I shake my head. “I can’t believe this—”


“And you were so upset because they didn’t mean anything, and I thought, I can give that to her. I can make them mean something—and I thought I can work it out, I can make sense of it for myself with my camera, and I’ll be okay and I can give you some kind of peace too. And I thought … I thought that’s what Seth would have wanted. Or that he would understand—”


“Please stop, Culler—”


“But mostly because I felt something for you. I wanted to help you.”


Milo says I died the night my father died, but he was wrong. I’m dying here, in front of Culler. I can feel my blood stop flowing in my veins, my heart slowing until it stops, and when I try to breathe, nothing happens. My lungs have given up. They don’t want air.


“I thought I could give you an answer you could live with, but…” He swallows. “But it was just … lies. And you were so, so honest with me. In the motel, that night. And I couldn’t lie to you anymore. I woke up. I panicked and I left.” I am dead. I’m dead. “Eddie, I’m sorry—”


But I don’t want to hear anymore. I turn and make my way off the curb. I don’t know how I make my legs move me forward when all I want to do is sit in the middle of the road and wait for the first car to take me out. I’m already dead, see. It wouldn’t make a difference.


“Eddie, wait—”


I stop. I don’t know why I stop.


But I don’t turn around.


I won’t turn around.


“Tarver’s,” he starts, and I close my eyes and it’s almost like he senses it, because he breaks off and waits and when I open my eyes again, he speaks: “His initials in the door there … that wasn’t me. It was him.”

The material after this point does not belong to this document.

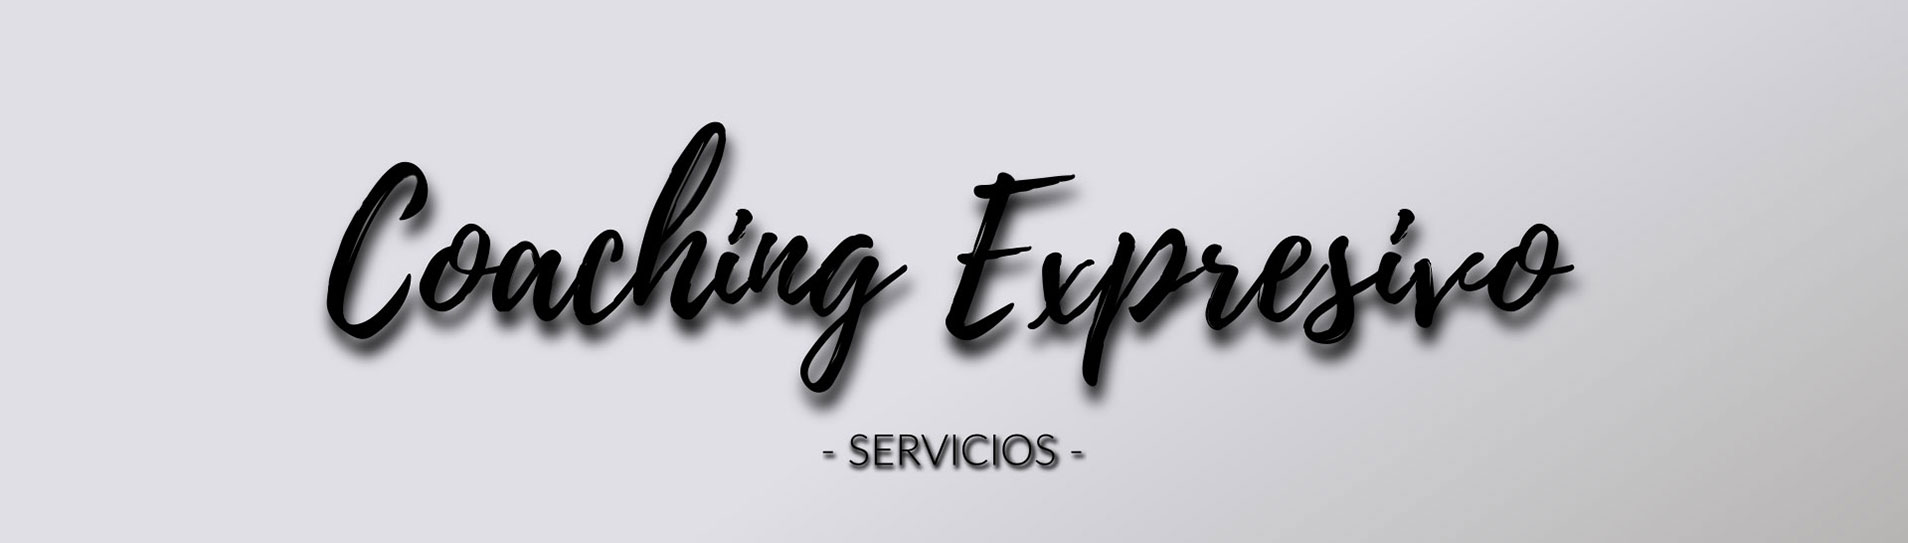 Coaching Expresivo, Servicios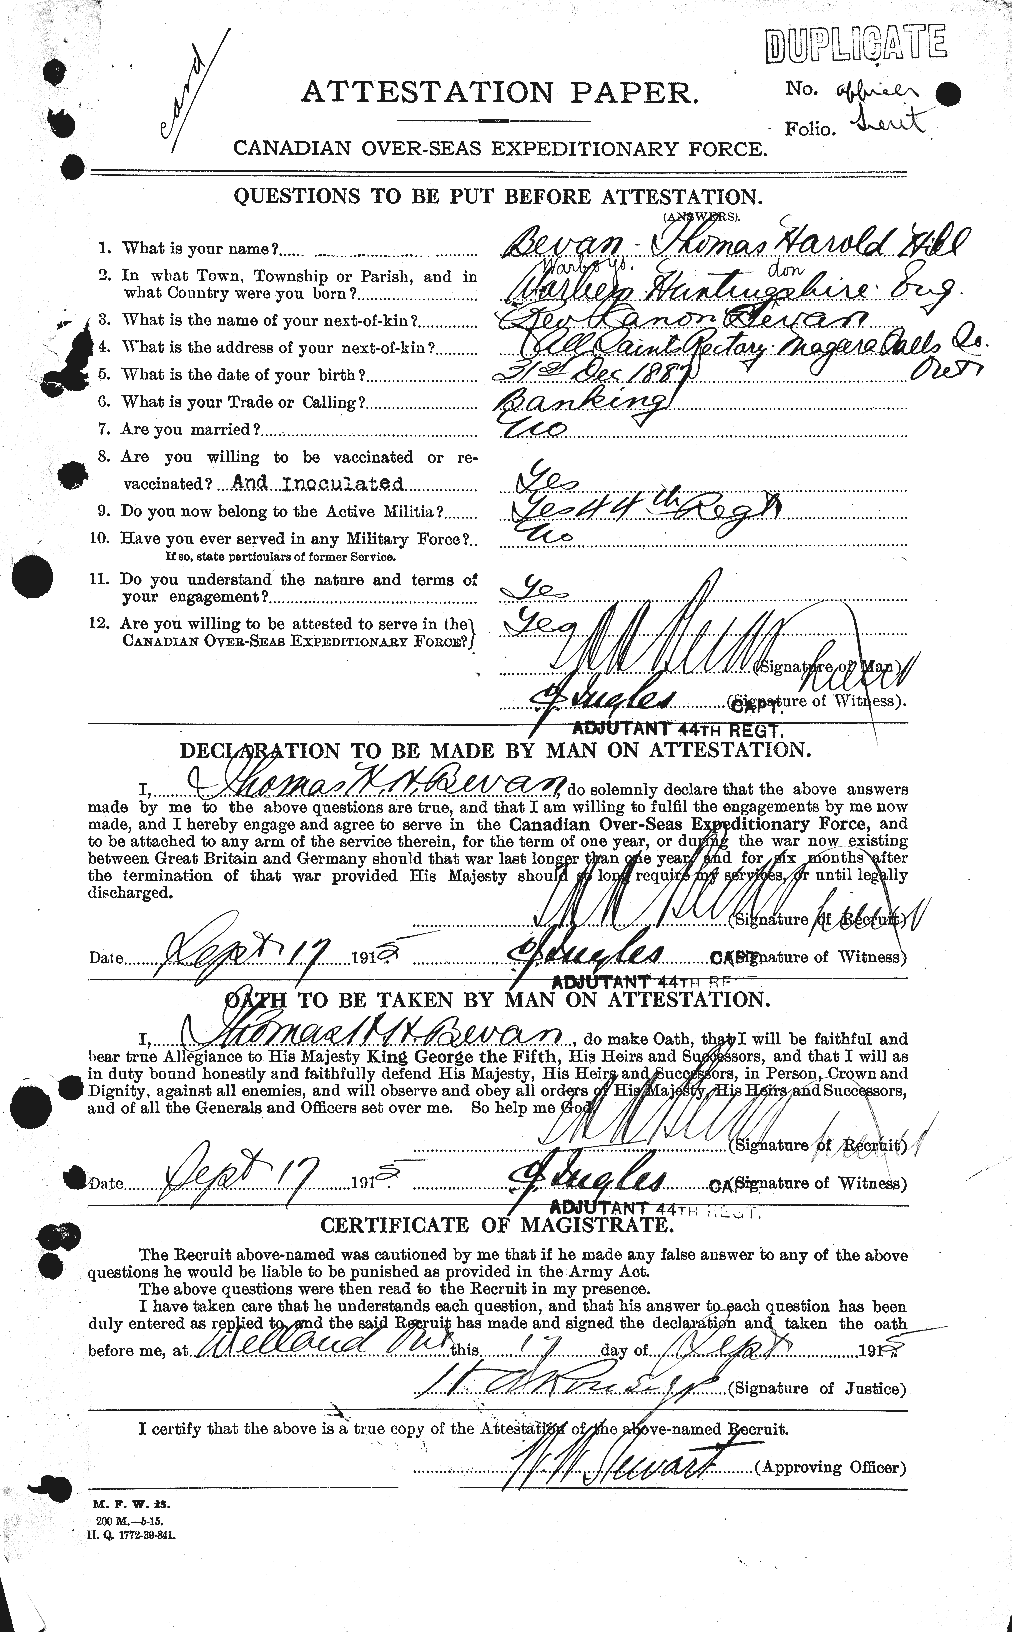 Dossiers du Personnel de la Première Guerre mondiale - CEC 237278a

I spot Milo’s car making its way towards me. It sidles up to the curb and I cross the road and get in the passenger side and then I stop dying. I come alive. The worst kind of alive. My heart beating.Blood raging through my veins. I’m breathing too hard, too fast. Milo stares at me, alarmed, but he doesn’t ask. He won’t ask. But I have to tell him.


I can’t not tell him this.


“Culler lied,” I say. “About everything. The messages. Everything.”